Knock.  Knock.  Anybody there?  Phone home.  (This email address is being protected from spambots. You need JavaScript enabled to view it.)

August 12, 1997

Dear Tyler,

    Has your dad ever told you about the smell of floor wax?  There are a lot of good smells in the world.  For example, have you smelled your crayons?  Red smells just like black to me, but they all smell different from anything else in the world.  Attics have a sad smell for me.  I think about all of the toys and puzzles no one wants to play with any more.  Your pillow has its own smell too.  Sniff it tonight after the lights are out and the house is quiet.
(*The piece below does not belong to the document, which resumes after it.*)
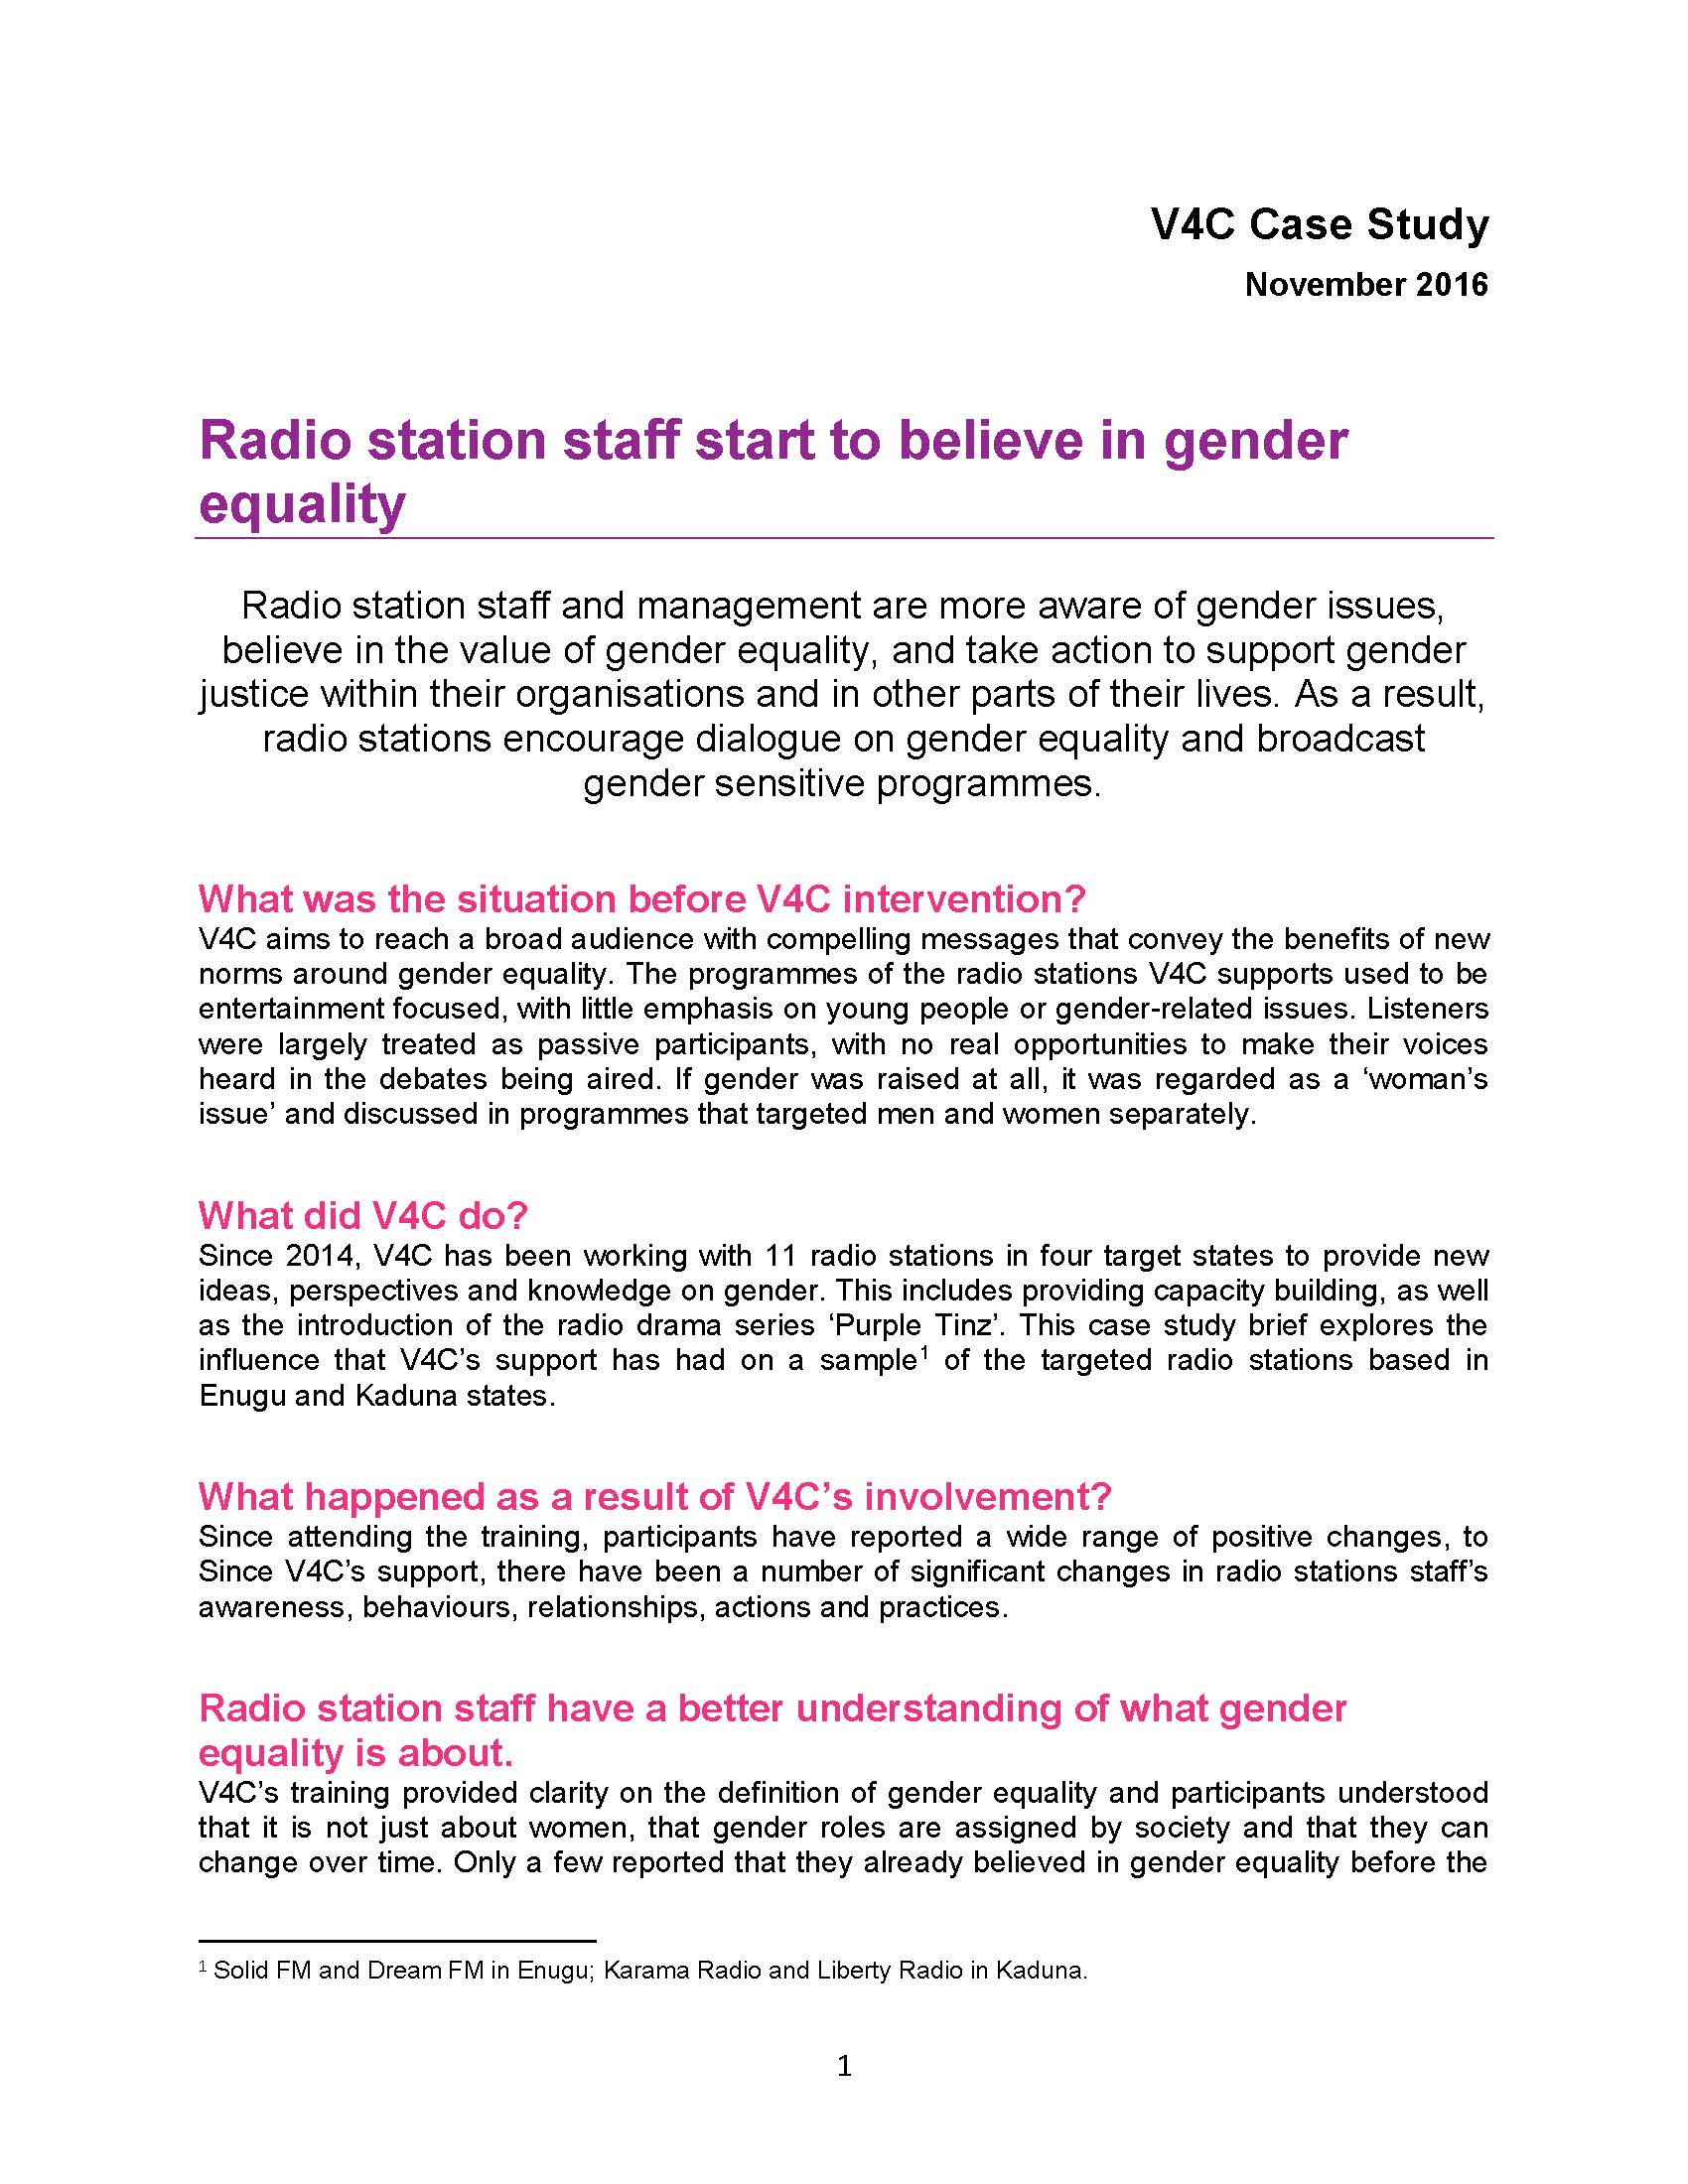 v4c case study - radio station staff start to believe in gender

You’ll see.
    The fall has smells that remind me, and probably your dad, of being a little boy. Leaves crackle when you walk through them, but they have a smell too.  Crumble one up in your hand and smell it.  Sometimes you can smell someone burning leaves or having a fire in the fireplace in the house.  There were more fires inside of houses and outside in yards and gardens when your dad and I were young.
    Also in the fall, Grandma bought your dad and me new shoes.  New shoes smelled like stores, not like somebody's stinky feet.  There was only one kind of play shoe, which we called sneakers back then and that was Keds.  And there was only one kind of Keds, the kind that laced to the top of your ankle.  Every pair had a flat, round piece of rubber as a mark on the outside of my ankle, but I could get different colors: black, blue, white, and red.  Brand new shoes smelled like a store and the rubber sole squeaked when I rubbed my finger on it.  After about a month, my sneakers began to smell good, like baseball dirt, grass scuffing, and dogs.  Grandma also bought us clothes so that we could go back to school in new clothes instead of the old, comfortable ones with the holes in the knees.
    And always the first smell I smelled on the first day of school was floor wax.  The janitors had worked all summer to make the schools clean and ready for us.  The last thing they did, on the day before we came back to school, was wax the floors.  My shoes squeaked on the fresh wax.  Every time: new wax on the floor and new sneakers on your feet.  Squeaks is what you get.
    So whenever I smell floor wax, I remember long ago in the fall.  I bet your dad does too.  If he hasn’t told you so yet, ask him.  He knows.  He’ll tell you.